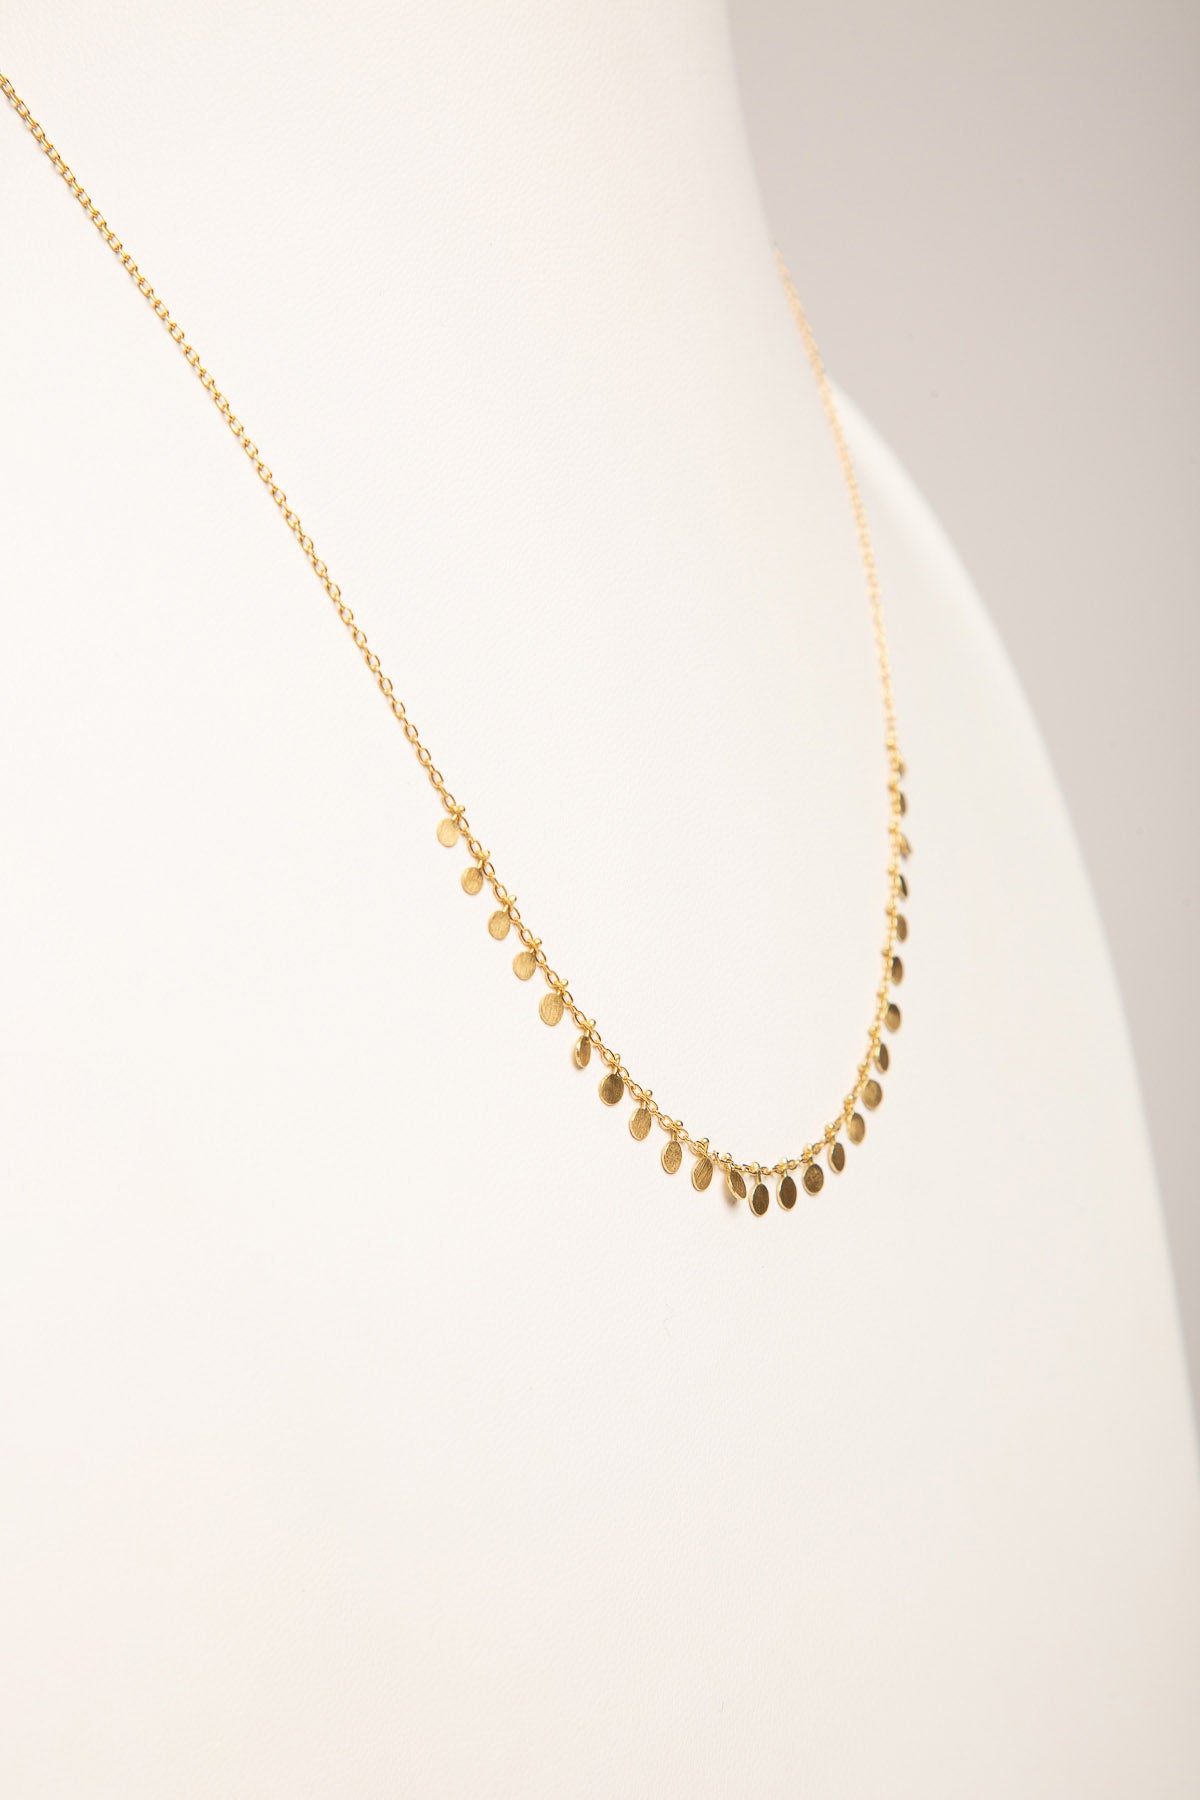 Tiny Dot Necklace | Evil eye necklace gold, Diamond choker necklace, Gold  fashion necklace
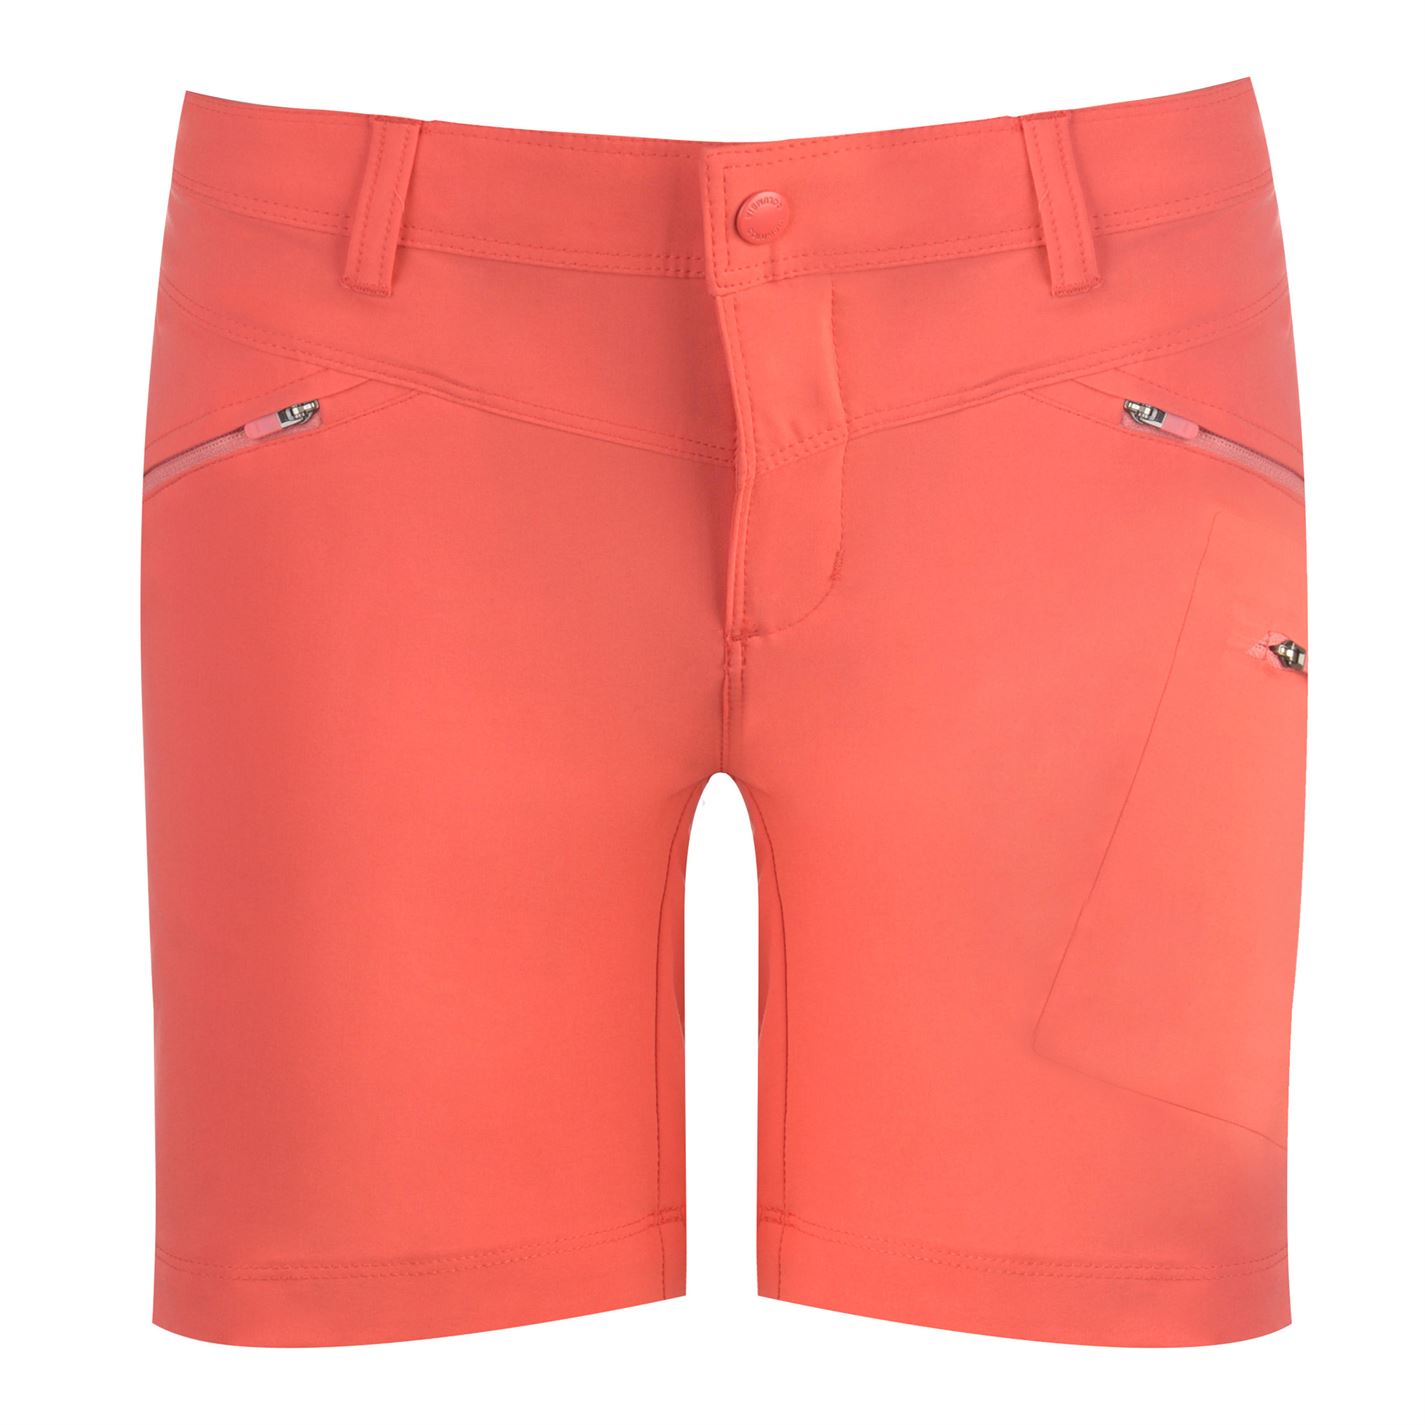 Pantaloni scurti Columbia Peak pentru Femei rosu coral
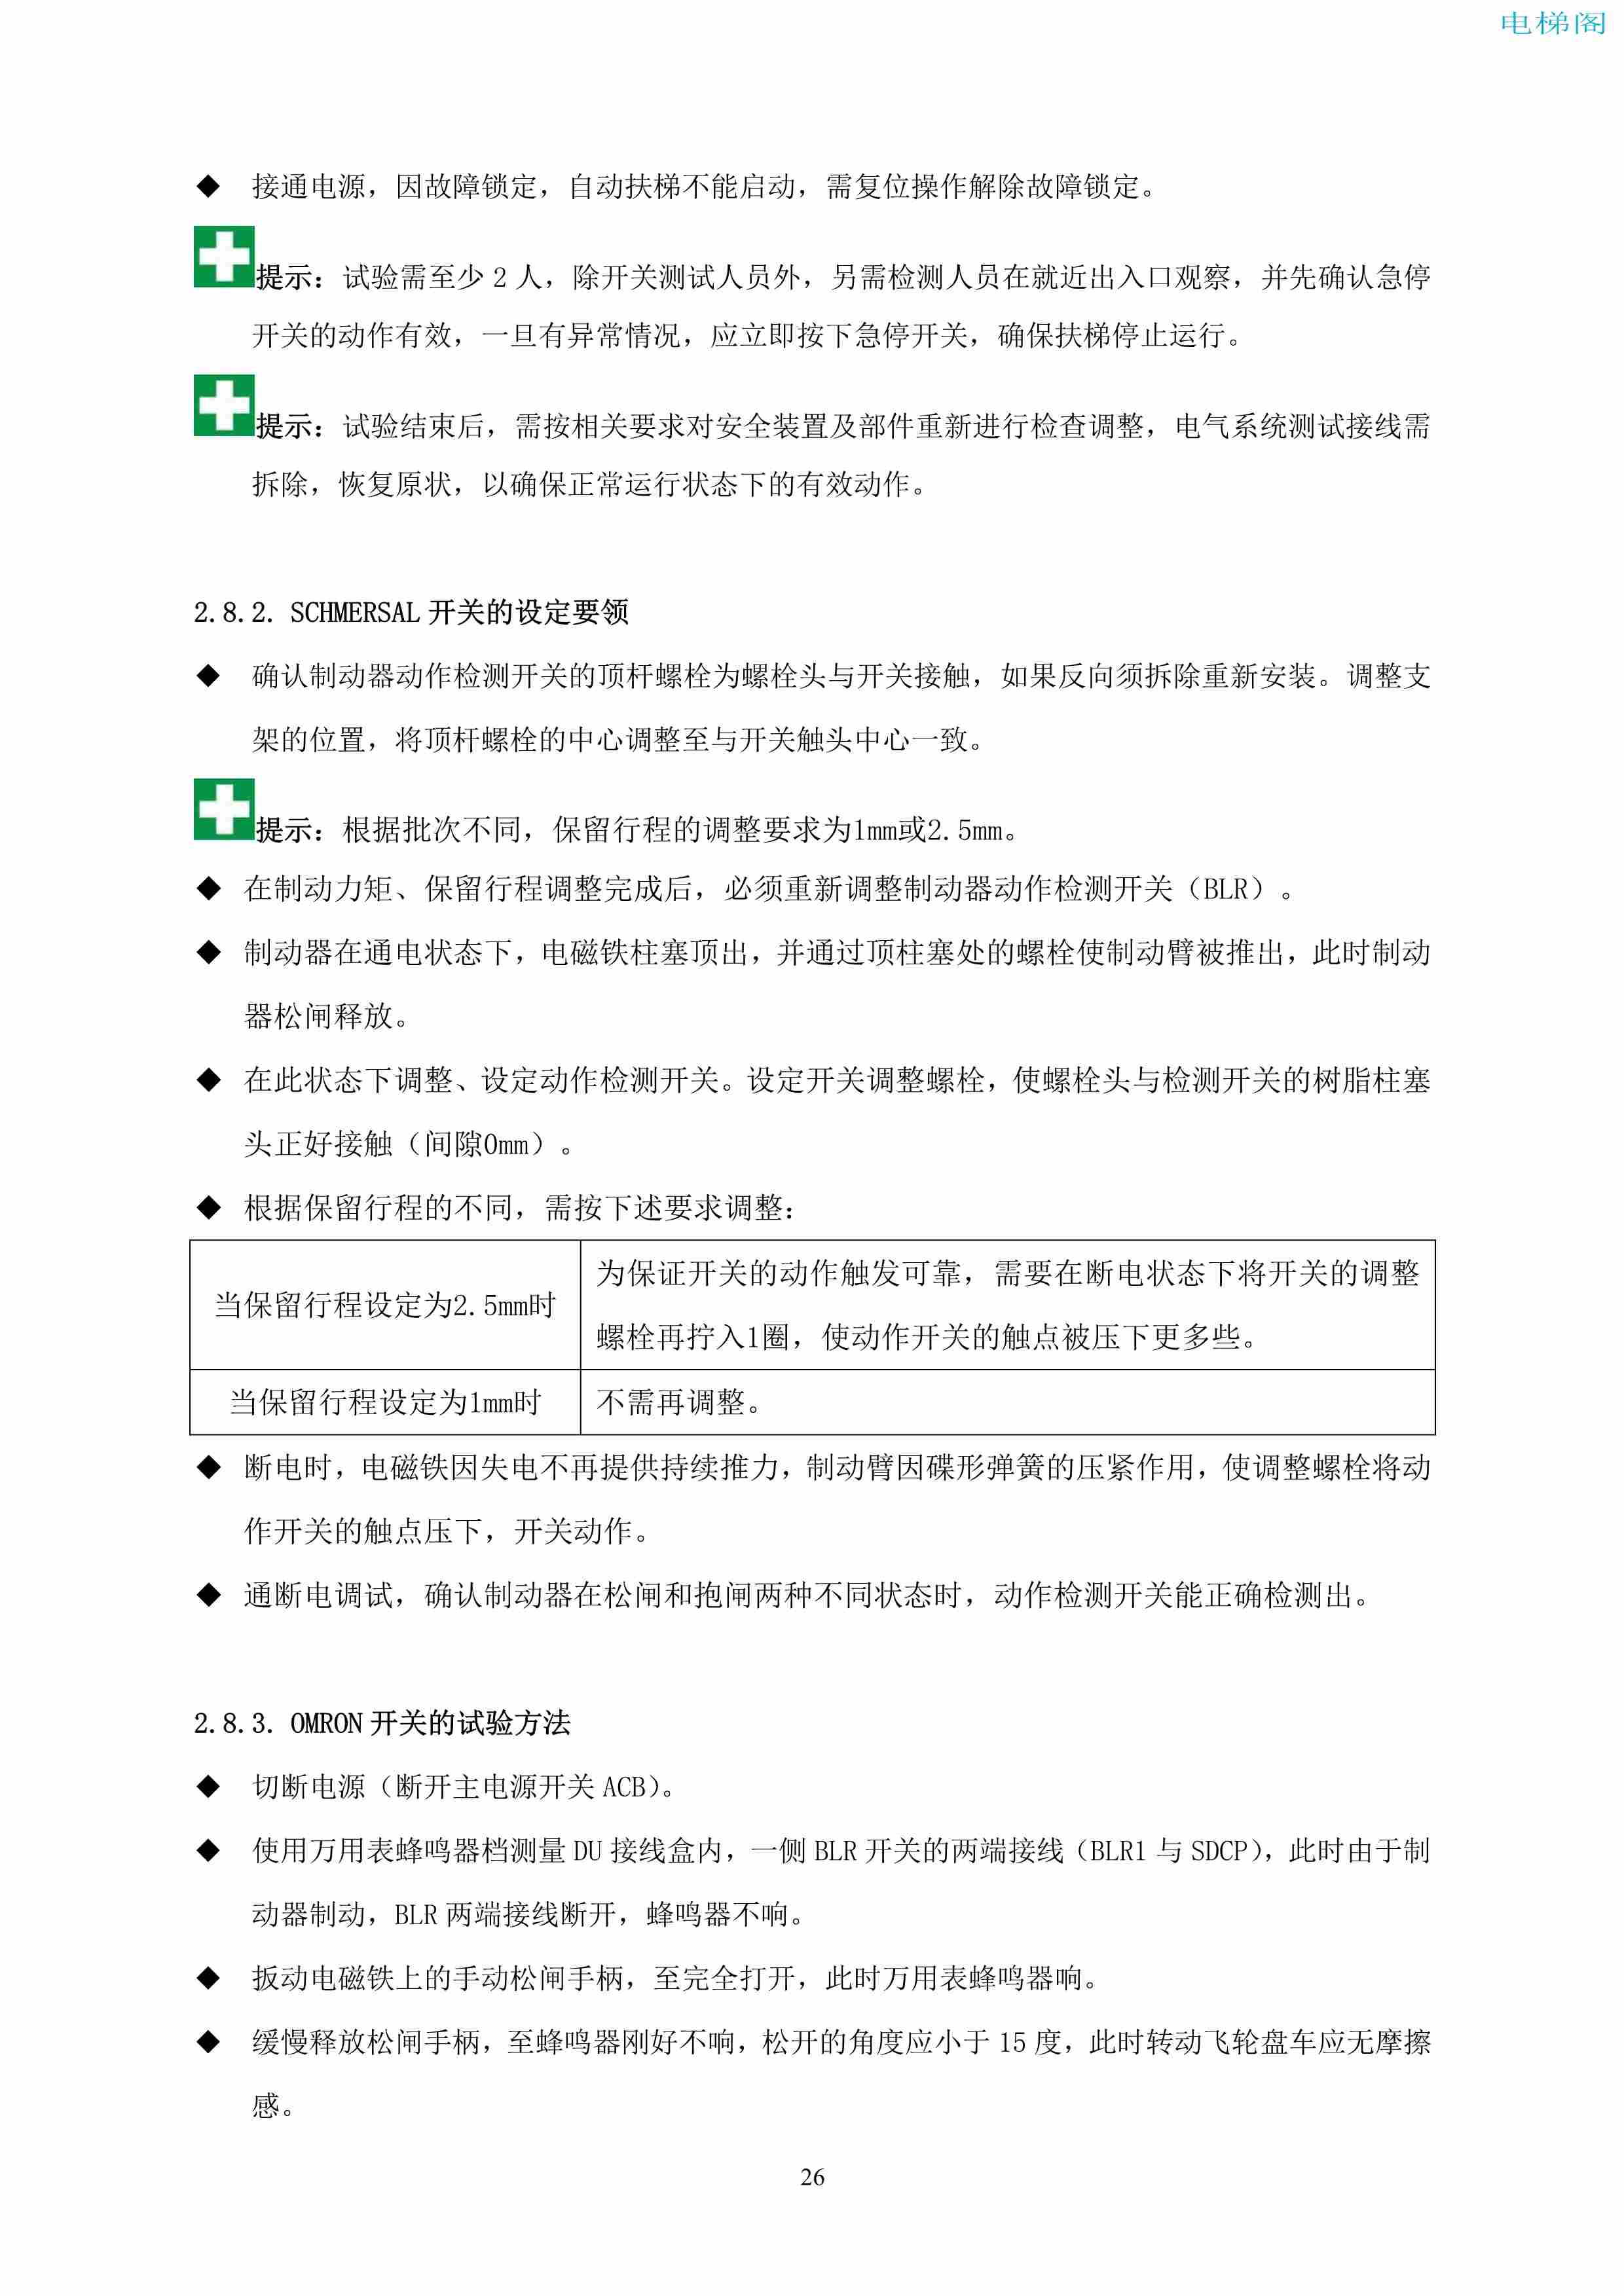 上海三菱电梯有限公司自动扶梯制动器维护作业要领汇编_27.jpg
----------------------------------------
=== Exercise ===
Give back the data exactly. Pictures stay out.

=== Task solution ===
 Tiny Dot Necklace | Evil eye necklace gold, Diamond choker necklace, Gold  fashion necklace
 Pantaloni scurti Columbia Peak pentru Femei rosu coral
 上海三菱电梯有限公司自动扶梯制动器维护作业要领汇编_27.jpg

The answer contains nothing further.